Task directions: Only lines holding "Tools" are needed; copy each of them from the data below.

Content starts

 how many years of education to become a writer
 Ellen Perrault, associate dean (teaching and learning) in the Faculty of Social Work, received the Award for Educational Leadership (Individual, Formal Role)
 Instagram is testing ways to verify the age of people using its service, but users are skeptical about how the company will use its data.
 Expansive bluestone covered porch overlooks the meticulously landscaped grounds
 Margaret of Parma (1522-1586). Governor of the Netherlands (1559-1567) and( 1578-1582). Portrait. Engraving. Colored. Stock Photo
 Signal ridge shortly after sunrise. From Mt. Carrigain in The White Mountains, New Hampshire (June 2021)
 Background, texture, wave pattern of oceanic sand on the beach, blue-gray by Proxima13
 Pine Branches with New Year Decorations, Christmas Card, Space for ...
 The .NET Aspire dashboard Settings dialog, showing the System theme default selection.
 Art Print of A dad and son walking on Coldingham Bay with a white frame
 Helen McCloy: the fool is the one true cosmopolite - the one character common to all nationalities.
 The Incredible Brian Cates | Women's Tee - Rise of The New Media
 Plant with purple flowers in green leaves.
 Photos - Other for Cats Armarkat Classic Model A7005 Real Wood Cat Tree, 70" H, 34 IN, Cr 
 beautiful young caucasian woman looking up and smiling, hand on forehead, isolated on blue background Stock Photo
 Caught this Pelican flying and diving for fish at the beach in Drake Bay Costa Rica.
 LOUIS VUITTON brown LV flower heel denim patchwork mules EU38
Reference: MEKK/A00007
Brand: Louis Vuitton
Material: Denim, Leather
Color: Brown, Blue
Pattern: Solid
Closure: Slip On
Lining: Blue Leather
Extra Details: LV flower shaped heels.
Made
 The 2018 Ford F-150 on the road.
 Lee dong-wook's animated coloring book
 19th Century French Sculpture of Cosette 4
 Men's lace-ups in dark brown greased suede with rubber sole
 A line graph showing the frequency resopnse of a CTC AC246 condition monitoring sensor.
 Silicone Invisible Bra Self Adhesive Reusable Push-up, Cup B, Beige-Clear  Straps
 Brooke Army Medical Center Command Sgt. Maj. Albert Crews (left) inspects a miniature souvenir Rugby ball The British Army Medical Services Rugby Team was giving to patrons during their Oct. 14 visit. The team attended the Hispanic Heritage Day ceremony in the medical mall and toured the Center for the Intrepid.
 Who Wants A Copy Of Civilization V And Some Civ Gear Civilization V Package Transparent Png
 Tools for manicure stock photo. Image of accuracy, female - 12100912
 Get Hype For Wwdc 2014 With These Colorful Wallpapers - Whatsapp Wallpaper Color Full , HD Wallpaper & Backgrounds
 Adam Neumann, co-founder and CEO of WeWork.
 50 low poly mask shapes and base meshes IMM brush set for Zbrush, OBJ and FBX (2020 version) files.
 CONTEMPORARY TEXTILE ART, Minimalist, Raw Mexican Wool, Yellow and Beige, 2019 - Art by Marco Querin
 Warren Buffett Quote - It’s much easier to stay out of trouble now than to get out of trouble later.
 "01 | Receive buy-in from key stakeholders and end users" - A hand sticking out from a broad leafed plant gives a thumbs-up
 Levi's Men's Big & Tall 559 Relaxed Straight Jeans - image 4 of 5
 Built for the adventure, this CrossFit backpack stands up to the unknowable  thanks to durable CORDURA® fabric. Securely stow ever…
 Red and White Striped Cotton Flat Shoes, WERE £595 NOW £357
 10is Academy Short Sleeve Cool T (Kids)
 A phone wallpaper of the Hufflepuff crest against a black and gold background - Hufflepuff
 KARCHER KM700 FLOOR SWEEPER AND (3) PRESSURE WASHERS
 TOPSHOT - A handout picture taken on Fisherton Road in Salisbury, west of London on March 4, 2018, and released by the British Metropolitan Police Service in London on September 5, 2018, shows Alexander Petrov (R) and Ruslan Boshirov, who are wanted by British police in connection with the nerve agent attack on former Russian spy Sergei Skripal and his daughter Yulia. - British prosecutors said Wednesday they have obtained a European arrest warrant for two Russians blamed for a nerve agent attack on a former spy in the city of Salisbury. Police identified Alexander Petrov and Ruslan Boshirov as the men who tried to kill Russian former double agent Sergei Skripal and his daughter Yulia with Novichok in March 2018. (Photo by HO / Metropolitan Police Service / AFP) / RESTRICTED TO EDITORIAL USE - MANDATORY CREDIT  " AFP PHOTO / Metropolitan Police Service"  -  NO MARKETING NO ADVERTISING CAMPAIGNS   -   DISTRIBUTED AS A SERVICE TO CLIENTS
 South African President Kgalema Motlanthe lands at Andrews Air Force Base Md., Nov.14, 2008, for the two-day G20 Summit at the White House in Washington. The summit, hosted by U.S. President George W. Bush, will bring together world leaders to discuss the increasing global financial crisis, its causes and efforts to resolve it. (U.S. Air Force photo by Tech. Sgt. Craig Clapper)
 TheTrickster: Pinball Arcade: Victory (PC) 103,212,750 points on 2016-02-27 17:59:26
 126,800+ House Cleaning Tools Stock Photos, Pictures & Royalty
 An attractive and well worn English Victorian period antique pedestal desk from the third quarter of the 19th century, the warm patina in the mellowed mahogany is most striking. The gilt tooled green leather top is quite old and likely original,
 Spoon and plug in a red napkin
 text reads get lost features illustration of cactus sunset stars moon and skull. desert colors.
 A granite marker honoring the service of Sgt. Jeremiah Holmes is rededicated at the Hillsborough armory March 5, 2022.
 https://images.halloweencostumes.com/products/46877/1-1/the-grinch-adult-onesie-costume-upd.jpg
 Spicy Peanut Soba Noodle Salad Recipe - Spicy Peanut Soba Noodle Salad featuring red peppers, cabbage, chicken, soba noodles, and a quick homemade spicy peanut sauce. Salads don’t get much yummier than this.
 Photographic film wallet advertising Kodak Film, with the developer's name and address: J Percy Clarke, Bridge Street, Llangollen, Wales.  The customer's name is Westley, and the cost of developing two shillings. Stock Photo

Content ends

Output below:
 Tools for manicure stock photo. Image of accuracy, female - 12100912
 126,800+ House Cleaning Tools Stock Photos, Pictures & Royalty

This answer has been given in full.